Tuesday, August 31, 2010

Letter to WSJ on Social INSecurity...

...sent to 63 recips

Chicago Tuesday 31 August 2010

Editors, the Wall Street Journal

Gentlepeople:

The Wall Street Journal article ("Social Security Cuts Weighed by Panel”, Friday 20 August) drew a fine set of letters on Thursday 28 August, one lamenting “What has been lacking for well over a half century is a clear statement defining what Social Security is intended to be.”

The United States Supreme Court appeared to have read the legislation thoroly for their 1961 Fleming v Nestor decision, susinctly determining that “The noncontractual interest of an employee covered by the [Social Security] Act cannot be soundly analogized to that of the holder of an annuity, whose right to benefits are based on his contractual premium payments. To engraft upon the Social Security System a concept of 'accrued property rights' would deprive it of the flexibility and boldness in adjustment to ever-changing conditions which it demands and which Congress probably had in mind when it expressly reserved the right to alter, amend or repeal any provision of the Act.”

Social Security first and finally has never been anything but a tax on enployers.

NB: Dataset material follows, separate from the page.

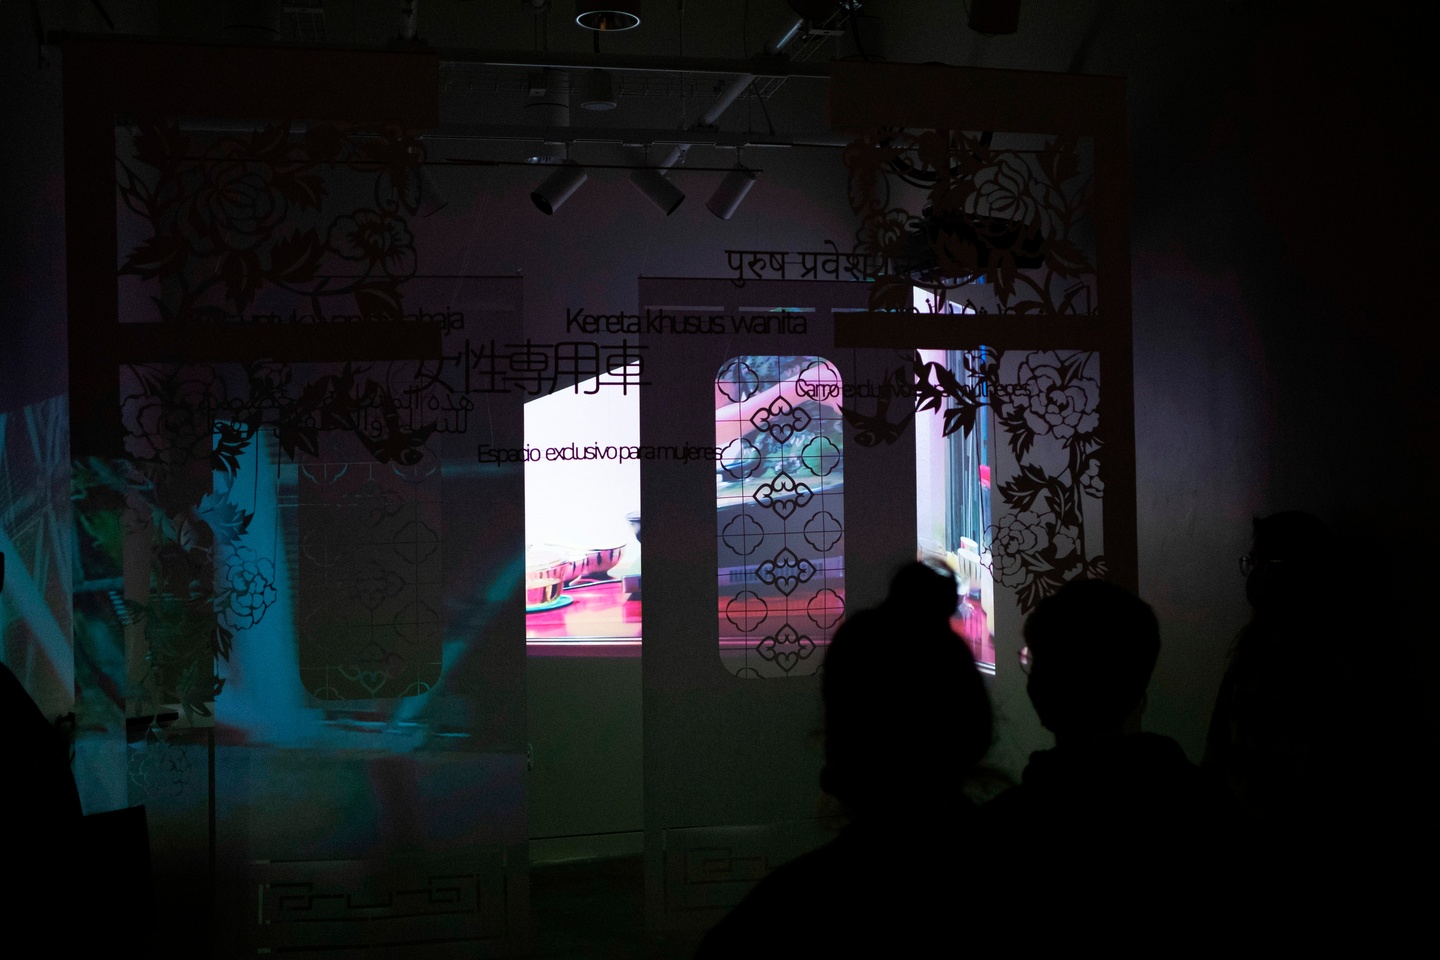 Installation room with projections on floral and text paper cutouts

Employers are required to tell the employee in writing with every paycheck that they are paying half of it, but the entire check going to the US general fund is written on an employer back account, never a wage earner's.

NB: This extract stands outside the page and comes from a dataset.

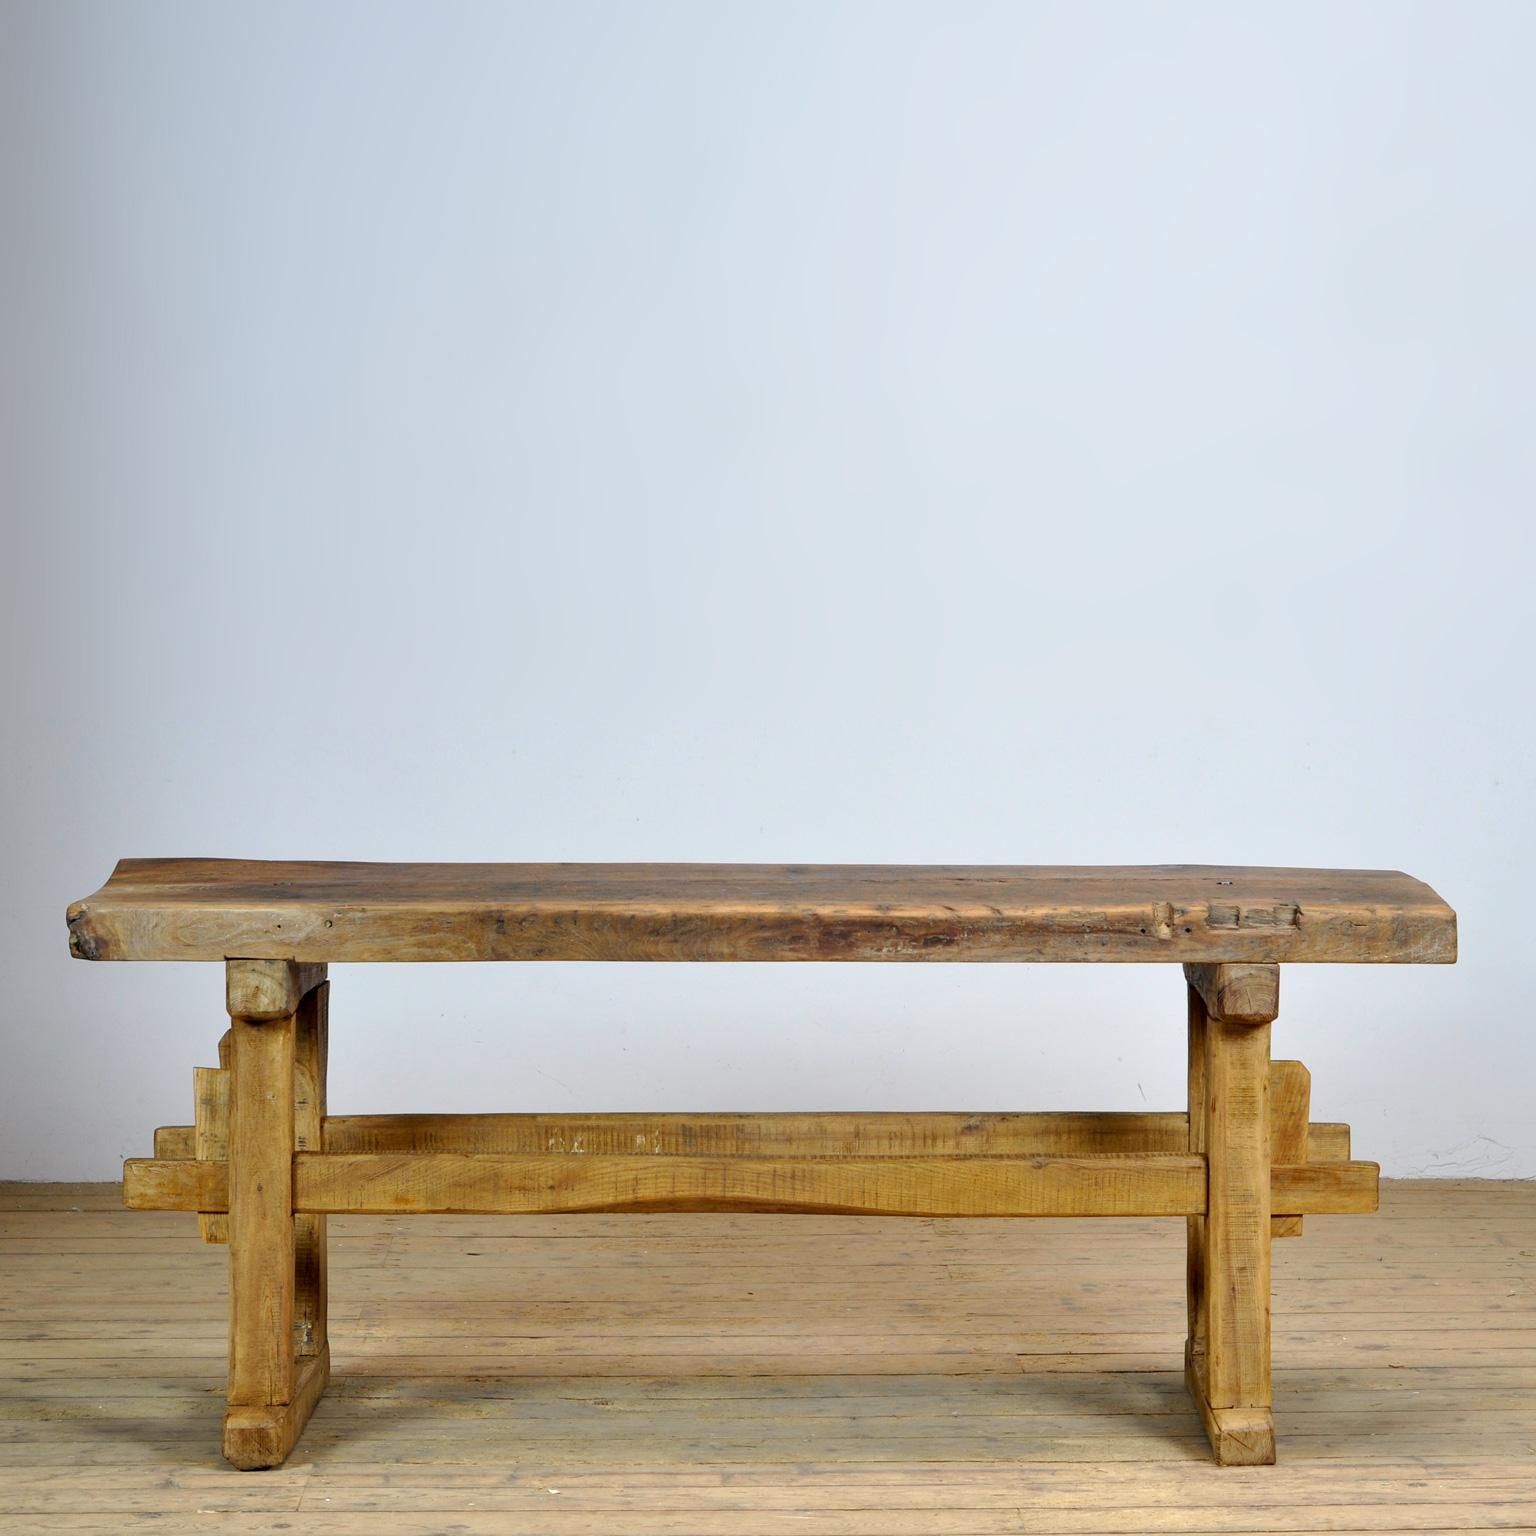 Oak work table from around 1930 produced in France. The top is 8 cm thick and made from one piece of wood. The table is demountable.

Because it is required from every employer, no employer hs any competitive incentive to not pass the complete tax on to their customers in higher prices, resulting in Social Security being nothing but a silent, painless national sales tax.

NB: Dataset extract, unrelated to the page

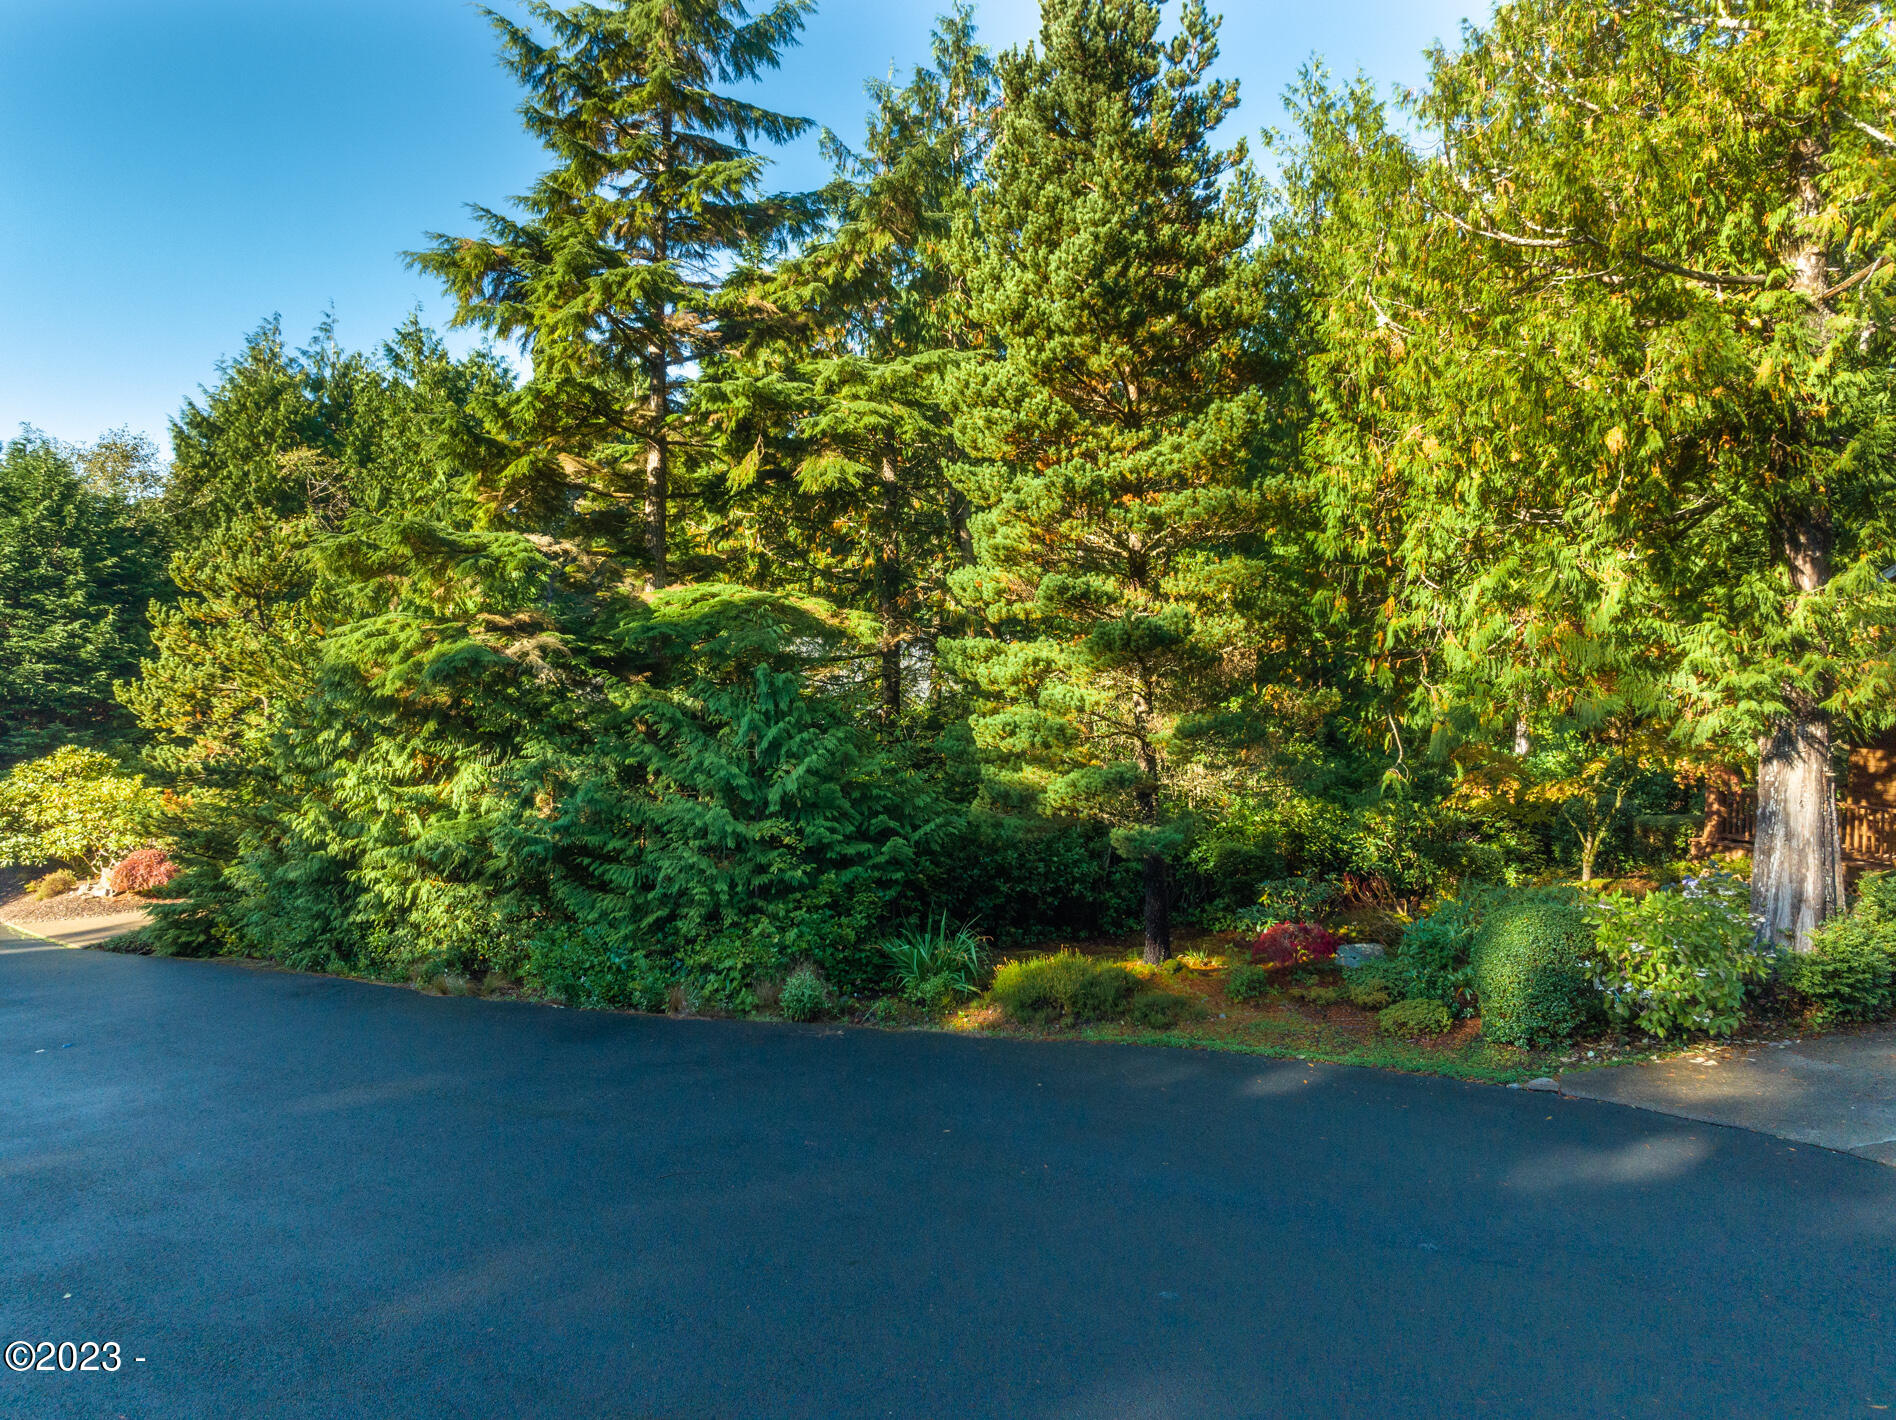 Lot 184 Gull Station Depoe Bay, Gleneden Beach, Lincoln City, Newport, Otis, Rose Lodge, Seal Rock, Waldport, Yachats, To Home Listings - Amy Plechaty, Emerald Coast Realty Real Estate, homes for sale, property for sale

The evil George W Bush realized what a terrible scam we are passing on to our successors, and the only way to kill it is at its source: the tax on employers.

There's no need to stop a single payment to the 40 million citizens now receiving SocSec payments. That $615 billion annual cost will disappear painlessly in 40 years. The people who have allegedly already paid into the system can be told to give it up for our children, and be glad they are not Chrysler bond holders.